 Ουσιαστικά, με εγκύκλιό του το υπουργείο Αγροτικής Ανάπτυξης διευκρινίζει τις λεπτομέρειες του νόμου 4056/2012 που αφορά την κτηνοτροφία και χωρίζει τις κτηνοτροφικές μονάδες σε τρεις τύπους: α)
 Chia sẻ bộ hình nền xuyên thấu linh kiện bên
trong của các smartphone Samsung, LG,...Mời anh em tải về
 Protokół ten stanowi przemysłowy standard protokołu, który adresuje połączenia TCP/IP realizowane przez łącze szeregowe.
--
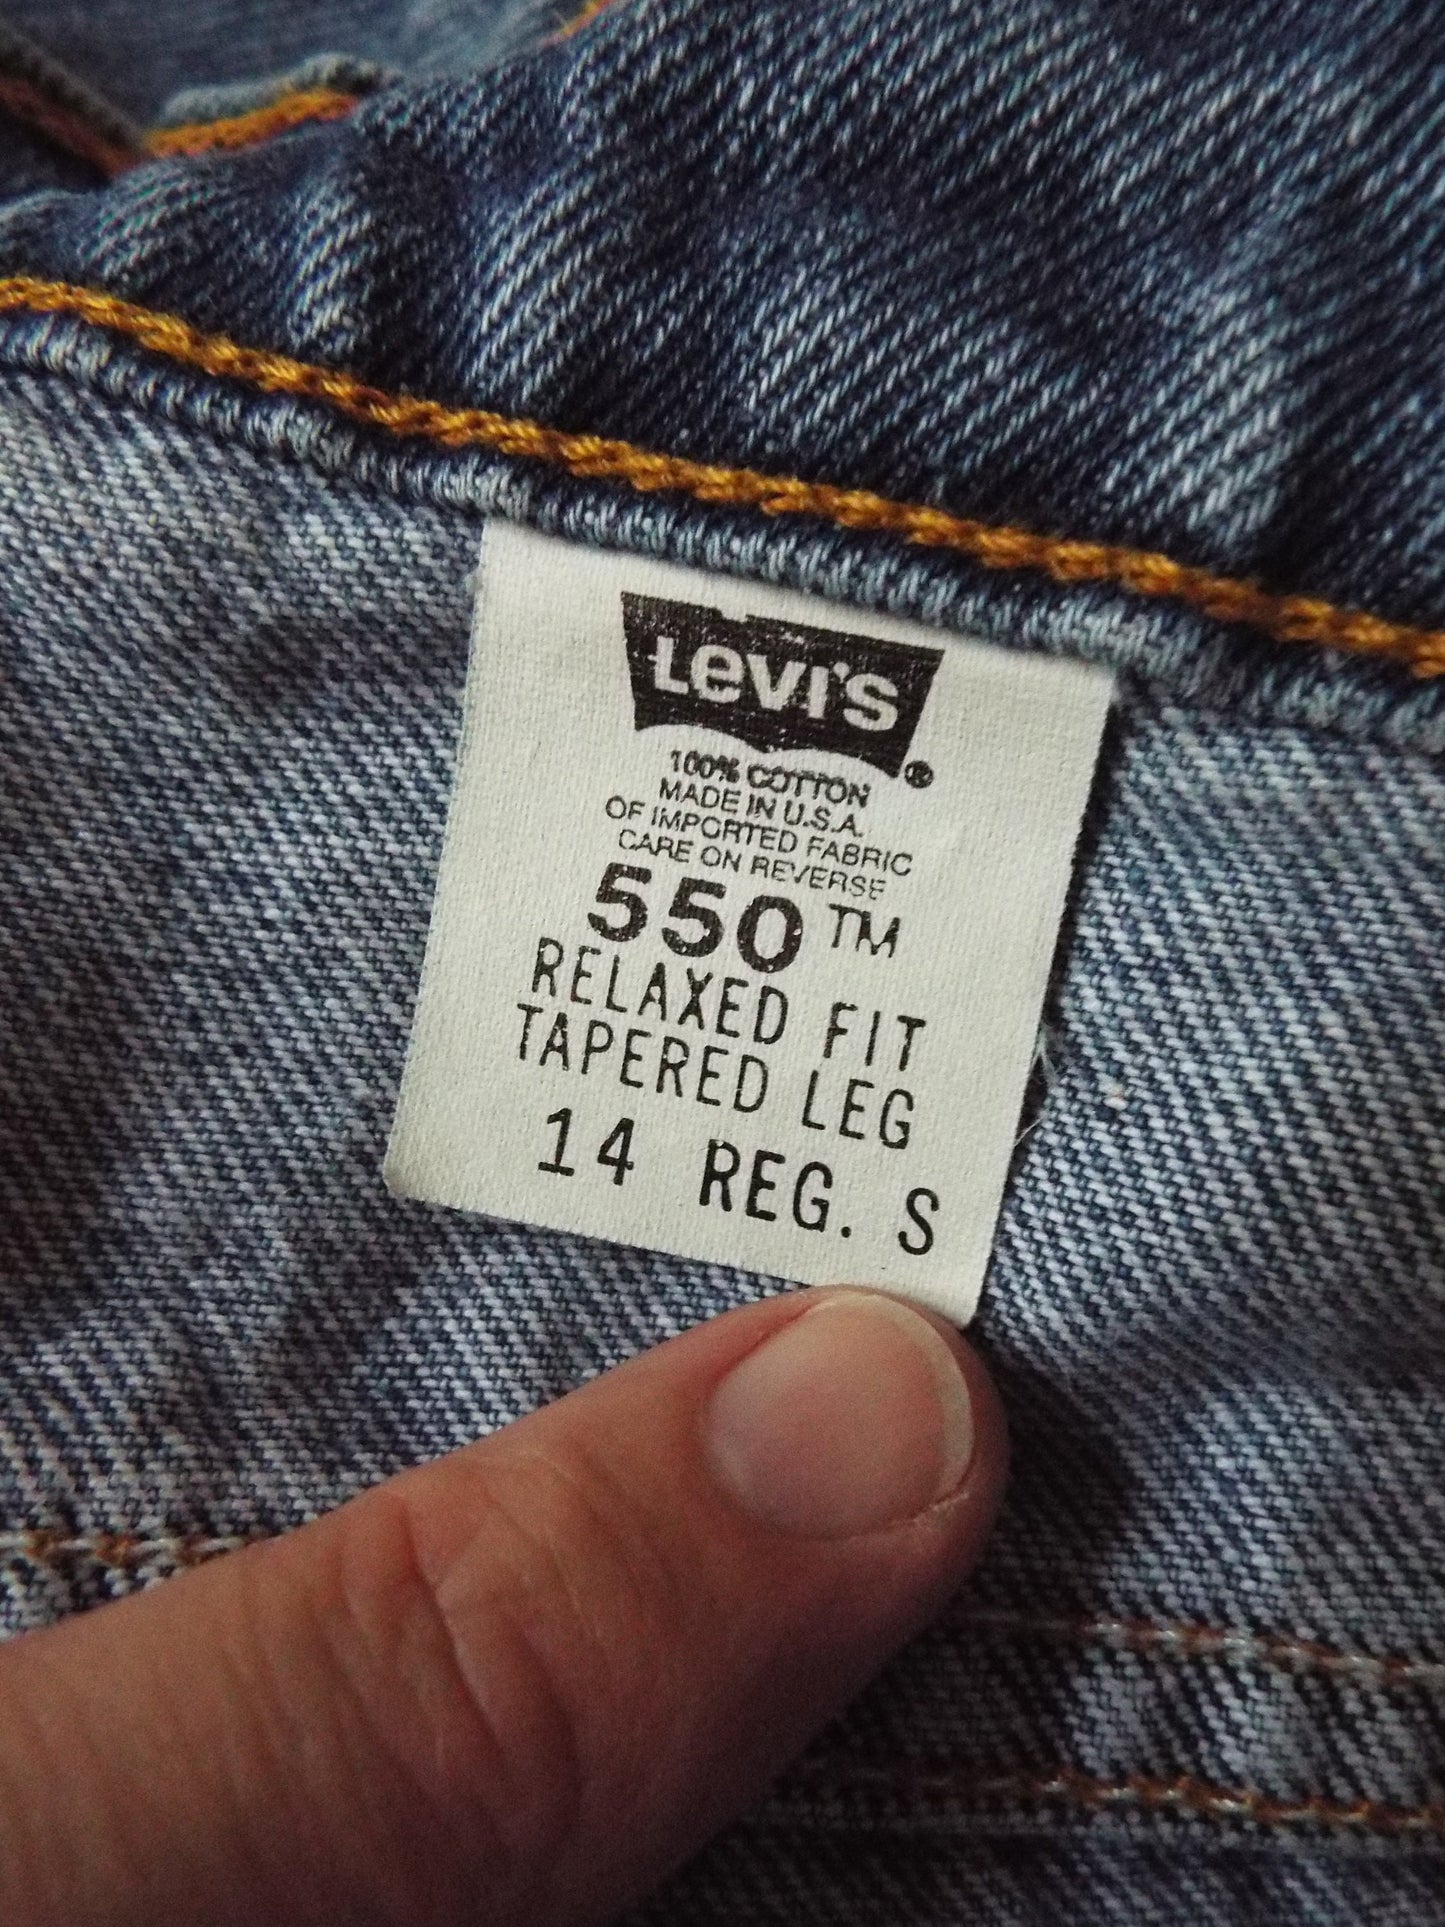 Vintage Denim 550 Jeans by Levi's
--
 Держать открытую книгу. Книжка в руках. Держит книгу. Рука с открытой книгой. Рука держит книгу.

- [What is expected] Give again exactly, and only, the lines above starting at the one with "Chia sẻ bộ hình nền xuyên thấu linh kiện bên" and ending at the one with "Protokół ten stanowi".

- [Solution for this problem]
 Chia sẻ bộ hình nền xuyên thấu linh kiện bên
trong của các smartphone Samsung, LG,...Mời anh em tải về
 Protokół ten stanowi przemysłowy standard protokołu, który adresuje połączenia TCP/IP realizowane przez łącze szeregowe.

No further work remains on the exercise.